Monday, September 24, 2012

Week 38

.





Internet is gerealiseerde metafysica: de welhaast absolute werkelijkheid van de geest. De geest die zich onafhankelijk heeft gemaakt van het lichaam, los ook van de beperkingen van ruimte en tijd. Om zich aldus een eigen wereld te creëren, alomtegenwoordig en alwetend. Het wachten is op haar almacht.


Zijnsvergetelheid? Om te beginnen, wat roept ‘zijn’ bij mij op? Een eerste associatie: er zijn, zonder voorwaarden of excuses, zonder mitsen of maren. Een diepe acceptatie van het bestaan. Als zodanig is ‘zijn’ een zaak van bewustzijn, van gewaarzijn, van een opgeruimd gemoed.


Sinds wanneer is het aan de democratische rechtstaat om het gevoel van gelovigen te verdedigen tegen belediging? Een democratische rechtstaat zou er nooit zijn gekomen zonder kwetsing van gelovigen en hun pogingen om van de staat een geloofsgemeenschap te maken.

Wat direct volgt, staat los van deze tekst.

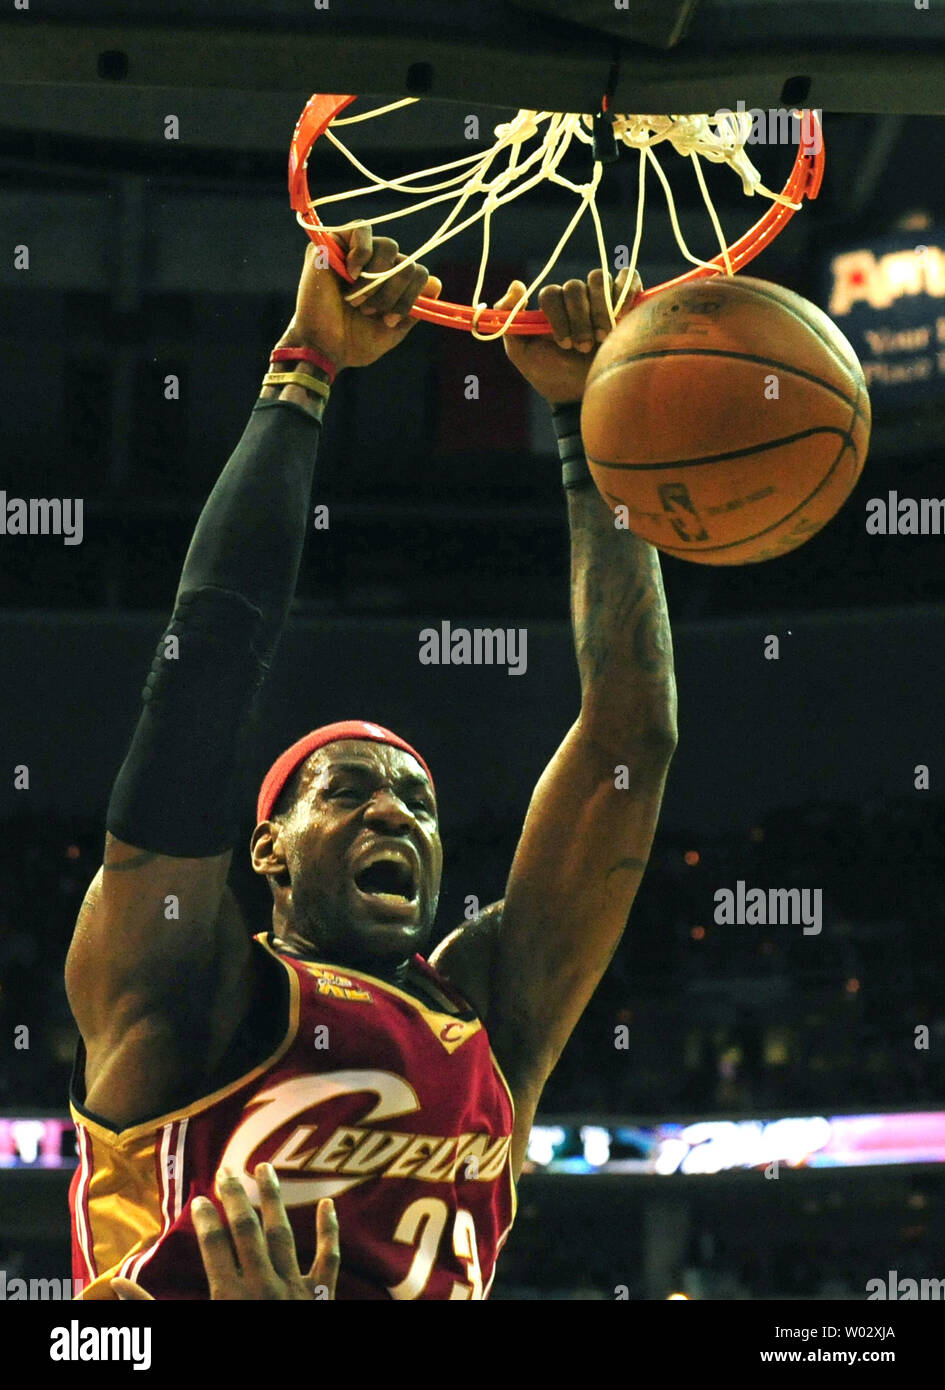 Cleveland Cavaliers' LeBron James dunks the ball against the Washington Wizards at the Verizon Center in Washington on November 18, 2009. UPI/Kevin Dietsch Stock Photo

Primaat van de beleving. De menselijke geest is ook in staat tot manoeuvres die mij een gevoel van vervreemding geven. Wanneer ik mij in een massa bevind, bijvoorbeeld, de gedachte dat ik één van de vele miljoenen ben, anoniem, onbetekenend, een exemplaar van de soort die in grote lijnen hetzelfde doet als alle andere exemplaren. Of wanneer ik wetenschappelijke teksten lees waarin menszijn wordt bestudeerd met een gedesinteresseerde, objectiverende blik; het menselijk doen en laten bekeken vanuit een volstrekt extern standpunt, alsof het mieren betreft, - ook dan kan een kilte zich van mij meester maken, een kilte met een verlammende uitwerking op mijn zin in het leven. De enige remedie tegen deze mogelijkheid van de menselijke geest is voor mij: het primaat van de beleving herstellen. Een terugkeer in mijn lijfelijk bewustzijn. Het eerste is namelijk: hoe ik wat dan ook van binnenuit beleef. Hoe ik mij tot iets of iemand verhoud vanuit mijn beleving. Zonder mijn subjectiviteit ben ik niemand, een nummer, een schakel in een eindeloze reeks. Natuurlijk weet ik dat ik een van de velen ben, dat alles wat ik doe tijdelijk en vergankelijk is, dat mijn relaties en vriendschappen passen binnen een gigantisch netwerk waarin hetzelfde zich eindeloos herhaalt, en nog meer van dit soort abstracties. Maar dat alles doet niets af aan het gegeven dat ik in al die grootheden voor mezelf vertrekpunt ben van waaruit ik leef, handel en betrekkingen aanga met anderen, en dat alleen zo het leven er voor mij toe doet. Dit primaat van de beleving komt niet in de plaats van die externe blik, maar komt ernaast, als eerste, als begin, - voor mij althans, en niet te negeren, op straffe van zelfvervreemding.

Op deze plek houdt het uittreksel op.